Как корни эстетизации болезни уходят в христианскую тему в искусстве — легко продемонстрировать через северное возрождение, которое было реалистичнее, чем итальянские работы, склоняющиеся к более идеалистическому толкованию христианских сюжетов.
Так, М. Герман отмечает, что «в корневой системе немецкого изобразительного искусства изысканная до болезненности эстетизация некрасивого, уродливого или того, что кажется таковым, существовала издревле» [1]
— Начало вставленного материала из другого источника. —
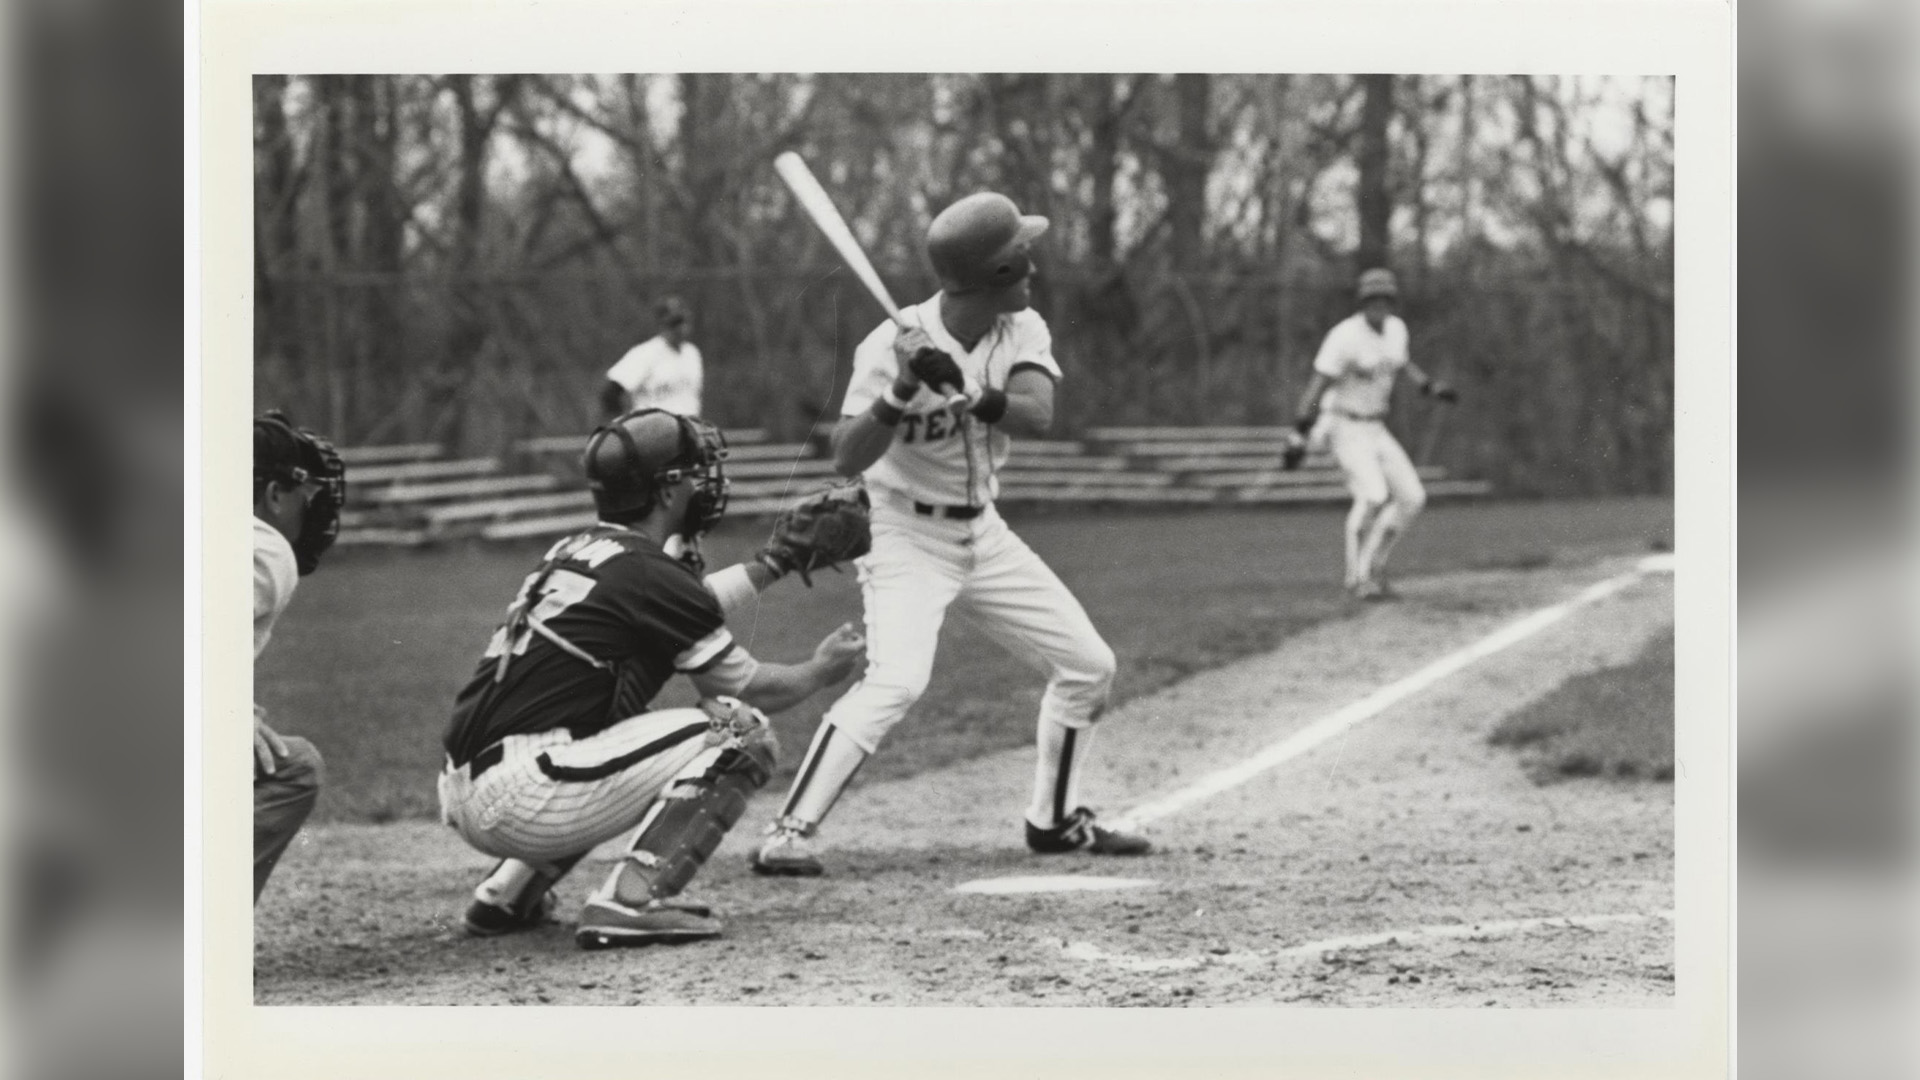  Men's baseball, 1987

Художники так часто изображали истерзанное тело Христа — фактически обычный труп, что это не могло не стать желаемым.
Страдание в христианстве рассматривается положительно, будь то истязание или же просто болезнь. В библии подробно описываются мучения самых разных персонажей, центральным же истязанием являются страдания Христа, но текстуальное описание нуждалось в визуальном воплощении, что отчасти восполнилось в иконографии. Отчасти — потому что иконы были узкоспециализированными фетишами, в действительности же визуализация страданий получила распространение на полотнах художников возрождения.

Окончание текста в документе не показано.